На этот раз Хильбоду повезло: хозяин стоял у наружного верстака и точил топор. Решив, что это добрый знак, Хильбод коротко поприветствовал старого знакомого и сразу перешел к делу. Он рассказал о визите островитян, напомнил, сколько раз этим людям приходилось страдать из-за набегов ненавистных данов, а затем без обиняков предложил Брету возглавить строительство крепости.
Мастер задумался и, судя по выражению его лица, идея показалась ему заманчивой. Предупреждая возможные возражения, Хильбод обрисовал свой план. Строить нужно сразу, чтобы успеть до зимы. Работников будет предостаточно: островитяне остались без средств к существованию и без привычных промыслов. Общими силами можно возвести крепость быстро. Епархия позаботится о пропитании и готова выделить деньги на времянки.
Брет никогда не торопился с решением. Так и на этот раз он лишь пообещал появиться на острове и дать окончательный ответ на месте. Потолковав, договорились встретиться на Нуармутье через два дня на третий.
За всё это время Беатрис не произнесла ни слова и только изредка поглядывала на Хильбода своими глубоко посаженными серыми глазами.
***
Когда Брет и Беатрис пересекли Гуа, их уже ждал солянщик Ерин со своей телегой, на которой, по случаю приезда важных гостей, стоял широкий ящик, служивший чем-то вроде сиденья.
Брет сразу же велел отвезти его к Белым Скалам.

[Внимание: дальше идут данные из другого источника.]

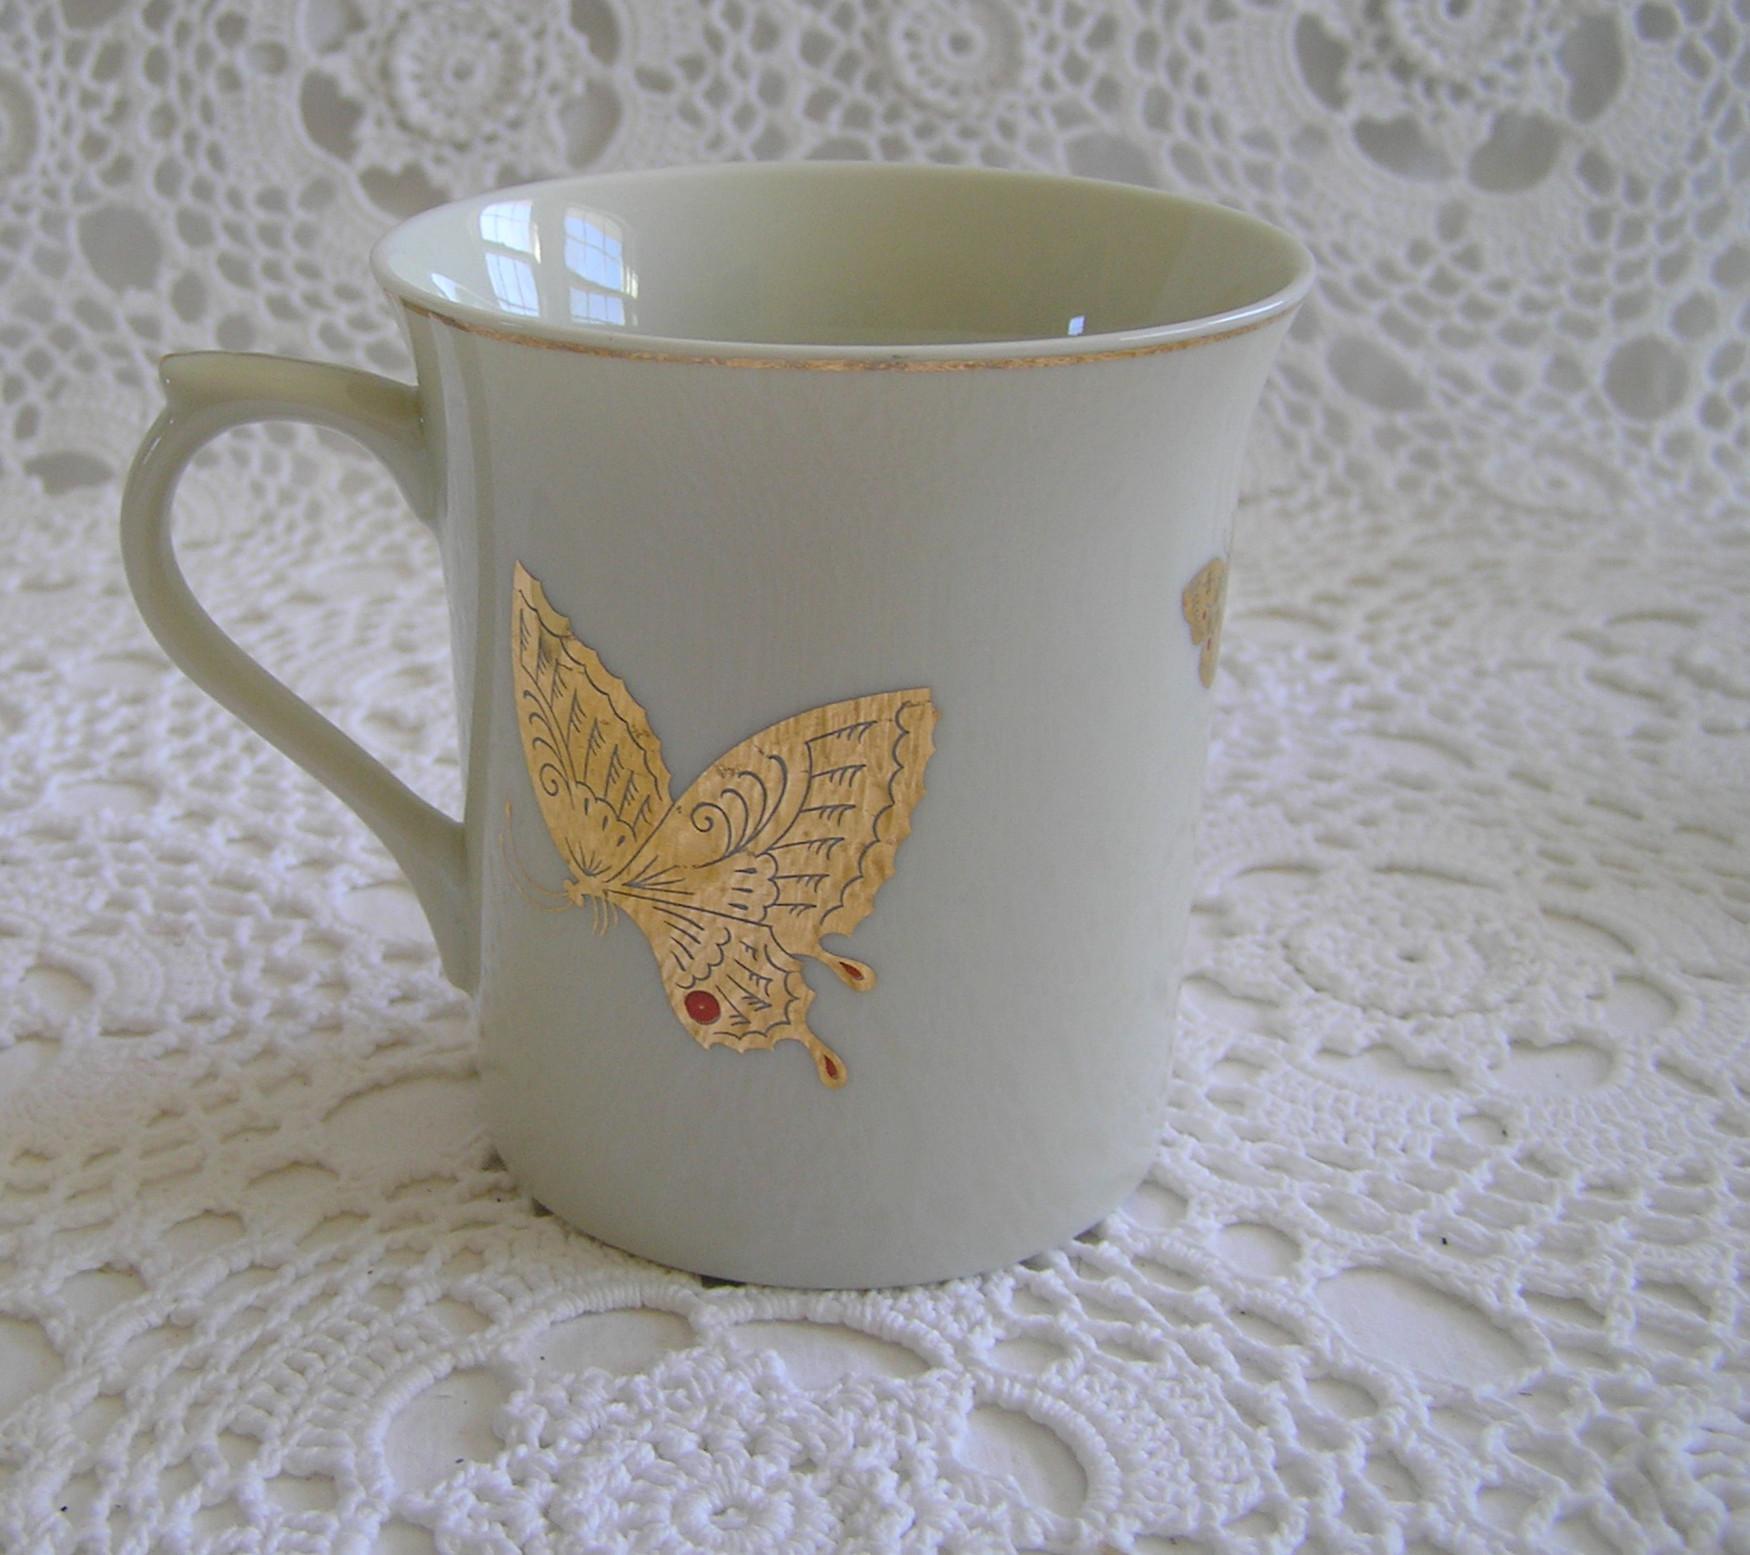 Takahashi San Francisco Porcelain Gold Leaf Butterfly Tea Cups   Set Of 4    Image 4

Четыре лье – путь немалый, особенно если тебя везет осел, а дорога неровная и каменистая. Но для Брета не существовало потерянного времени: в своей голове он рисовал возможные варианты крепости и продумывал первые, самые необходимые меры, так что время пролетело незаметно.
Что касается Беатрис, то всю дорогу она мрачно взирала на пепелища, разрушенные мельницы и сожженные посевы.
Добравшись до восточного леса, Брет пометил несколько сот деревьев, приказав свалить их, очистить от веток и оттащить вглубь острова, к плоскому холму рядом со старой церковью. Островитяне собрали топоры, а кузнец Сидмон обещал изготовить всё, что закажут; ему, в свою очередь, были обещаны древесные отходы – ветви и откомлевки.
Монахи тоже приняли деятельное участие: прикатили несколько бочонков с медом и отдали на переплавку старый колокол, разбитый еще сарацинами. Монахов – тех, что покрепче – было совсем немного, человек десять, но зато каждый умел держать в руках топор и был привычен к физическому труду.
Беатрис ходила за отцом следом и внимательно слушала его указания. Разглядев в ней женщину, монахи шарахались от нее, как от черта; она же, привычная к таким реакциям, не обращала на них никакого внимания, думая совсем о другом – о том, что осенью задуют сильные ветры, и отцу потребуется теплая нательная рубаха, ведь в последнее время он всё чаще и всё натужнее кашляет.
***
Аббат не ошибся: крепость построили быстро. Работали слаженно и с азартом. Эти люди были привычны к труду, и труду нелегкому; но если повседневная работа воспринималась как обязанность, то строительство крепости стало праздником, ибо все знали, что строят для себя. В этом и заключался план Хильбода: построить не просто крепость, а общее подворье, где каждый мог бы жить и заниматься своим ремеслом.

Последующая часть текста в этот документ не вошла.